The first two *list homomorphism theorems* were published by Richard
S. Bird in 1987, and the third by Gibbons in 1995 (although he notes
it had appeared as a “folk theorem” before then). Especially the
Gibbons paper (link below) is recommended reading for a precise
exposition that clarifies some things I’m leaving fuzzy here.

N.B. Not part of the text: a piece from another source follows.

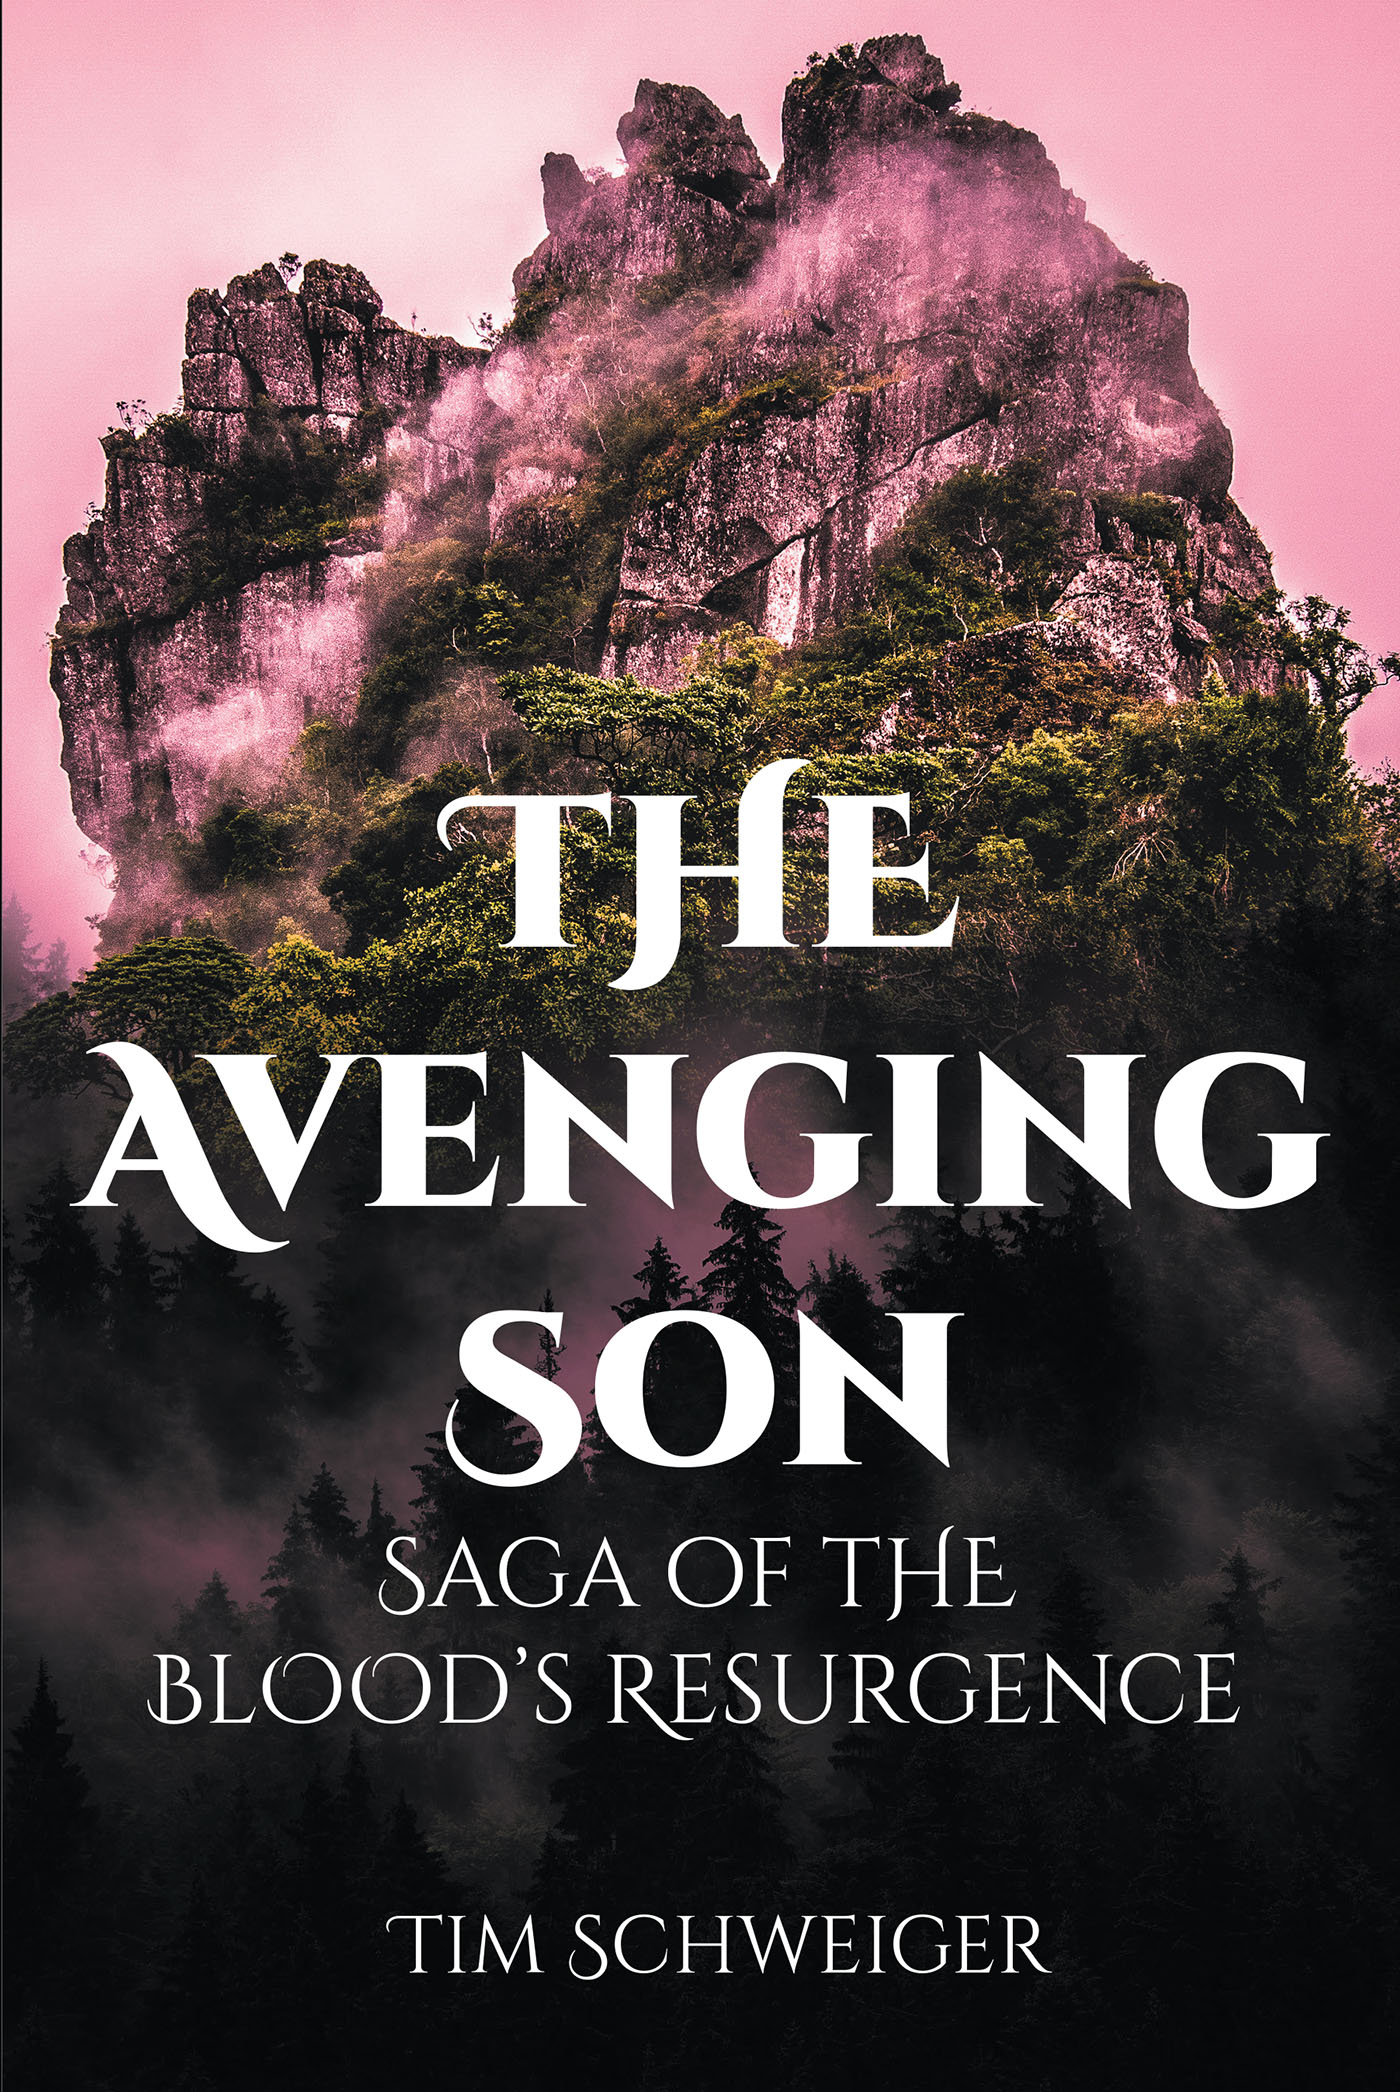 Author Tim Schweiger’s New Book, "The Avenging Son: Saga of the Blood’s Resurgence," is an Action-Packed Fantasy Novel About Twins Discovering Their Destiny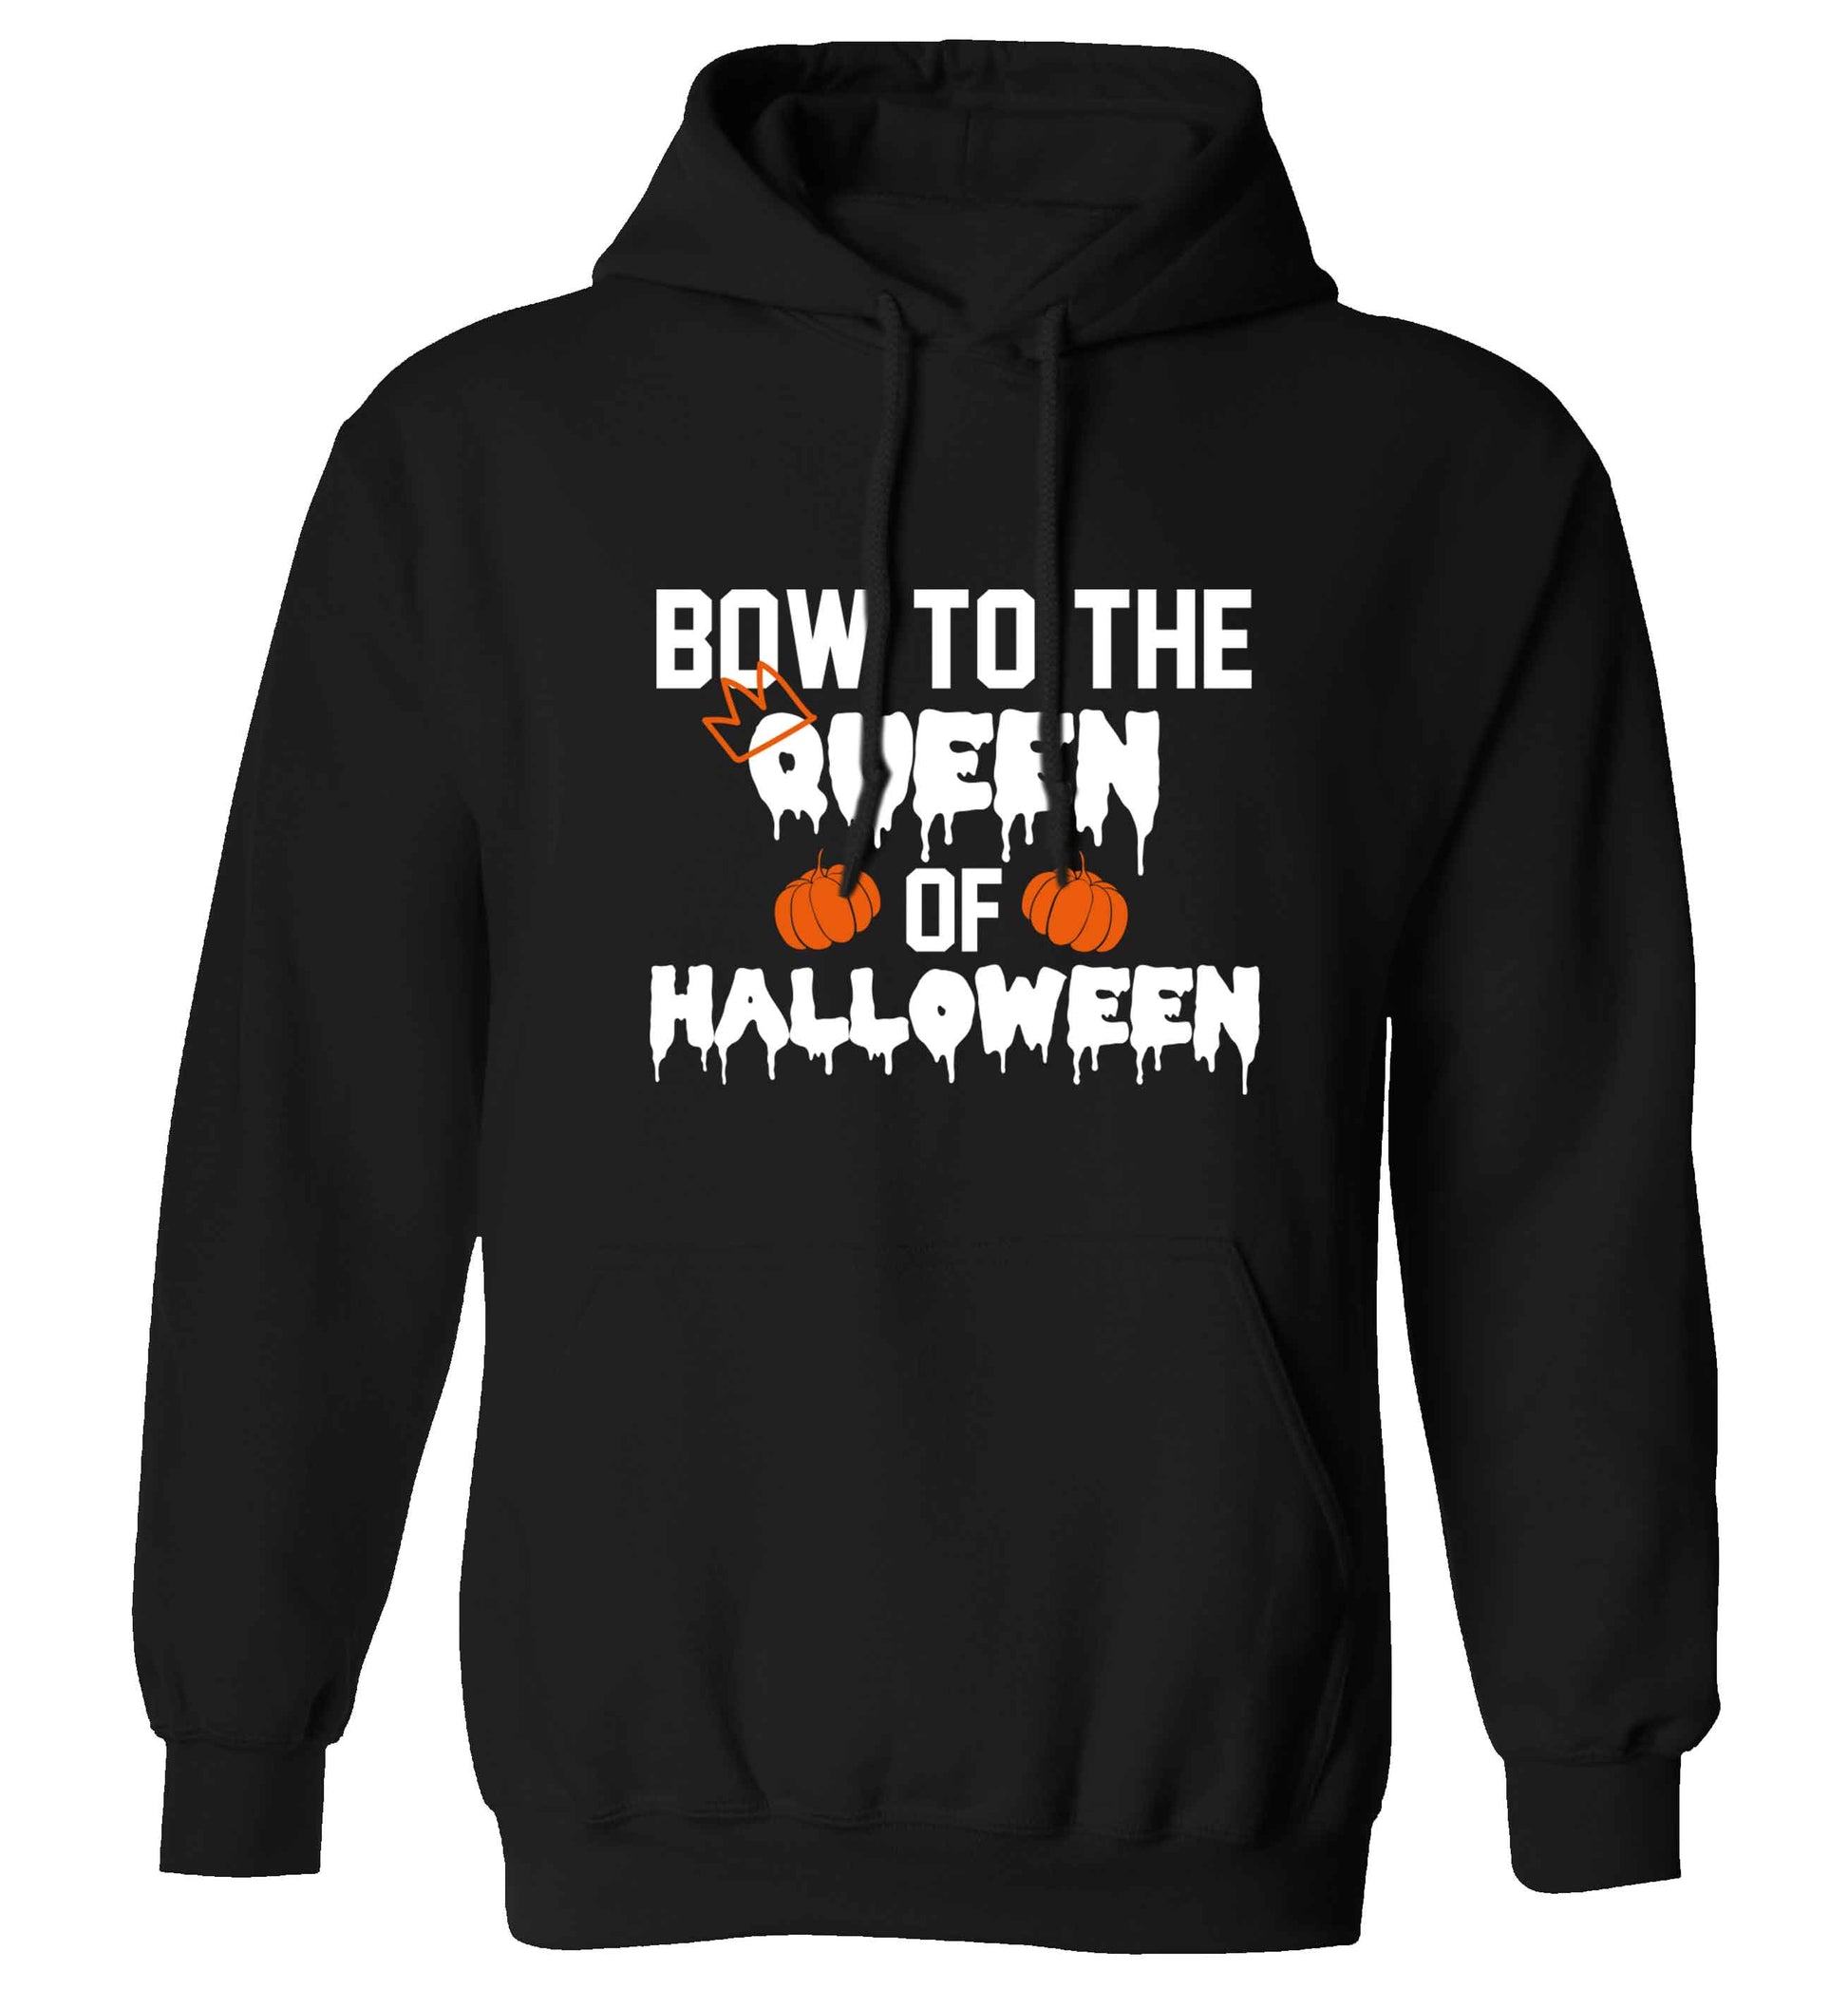 Bow to the Queen of halloween adults unisex black hoodie 2XL

### The first homomorphism theorem

If `h`

is a list homomorphism, then there is an operator `⊙`

and
function `f`

such that

`h xs = reduce ⊙ e (map f xs)`

This theorem means that we can represent a list homomorphism as a
function `f : a -> b`

, an associative binary operator `⊙ : b -> b -> b`

, and its identity element `e`

. In many cases `f`

is merely the
identity function, which gives us the `reduce`

commonly found in
parallel programming systems.

### The second homomorphism theorem

If `(f,⊙,e)`

represents a list homormorphism, then

`reduce ⊙ e (map f xs) = foldl ⊕ e xs = foldr ⊗ e xs`

where

`a ⊕ b = f a ⊙ b`

and

`a ⊗ b = a ⊙ f b`

This means that any list homomorphism can be computed with either a
left or a right
fold
using a *specialised function* derived from `⊙`

and `f`

. This is
essentially a form of loop
fusion, as it
allows us to avoid manifesting the result of the `map`

. In a parallel
implementation of reduction, we might break the input into a chunk per
processor, then use the second list homomorphism theorem to compute an
optimised sequential fold for each chunk.

### The third homomorphism theorem

If `h`

can be expressed with both a leftwards and rightwards fold,
then `h`

is also a list homomorphism. This implies that if we can
write a function as both a leftwards and a rightwards fold, *then we
can write that function as a parallel reduction*. This is possible
whenever we can find a function `g`

such that

`h ∘ g ∘ h = h`

That is, `g`

is similar to (but not exactly) an inverse of the
homomorphism `h`

. Gibbons’ proof shows that such a `g`

always exists.

Unfortunately, Gibbons’ proof of the theorem does not tell us exactly
how to construct the (`f`

, `⊙`

, `e`

), or `g`

for that matter. We know
it must exist, but not what it looks like. It also does not promise
that the homomorphism is going to be as asymptotically efficient as
any of the original folds. In particular, it would be nice if we
could take a fold implementing Kadane’s
algorithm
and mechanically derive the solution to MSSP shown above. Still, this
theorem can inspire us to look for a parallel implementation.

Indeed, the paper *Automatic Inversion Generates Divide-and-Conquer
Parallel Programs* attacks the problem of obtaining `g`

through a
program synthesis technique based on the user providing the leftwards
and rightwards definitions of `h`

. The technique is at least effective
enough to handle `mssp`

. but there is still no guarantee that a
correct `g`

can be found. It is however guaranteed that *if* it is
found, it is going to be efficient. Another synthesis-based approach
is discussed in *Decomposition-based Synthesis for Applying
Divide-and-Conquer-like Algorithmic Paradigms*, which is demonstrated
to work well for many (small) problems.

## References

*An Introduction to the Theory of Lists*(pdf), by Richard S. Bird (1987)*The Third Homomorphism Theorem*(pdf), by Jeremy Gibbons (1995)*Parallel Programming, List Homomorphisms and the Maximum Segment Sum Problem*(pdf), by Murray Cole (1993)*Automatic Inversion Generates Divide-and-Conquer Parallel Programs*(pdf), by Kazutaka Morita, Akimasa Morihata, Kiminori Matsuzaki, Zhenjiang Hu, and Masato Takeichi (2007)*Decomposition-based Synthesis for Applying Divide-and-Conquer-like Algorithmic Paradigms*(pdf), by Ruyi Ji, Yuwei Zhao, Yingfei Xiong, Di Wang, Lu Zhang, and Zhenjiang Hu.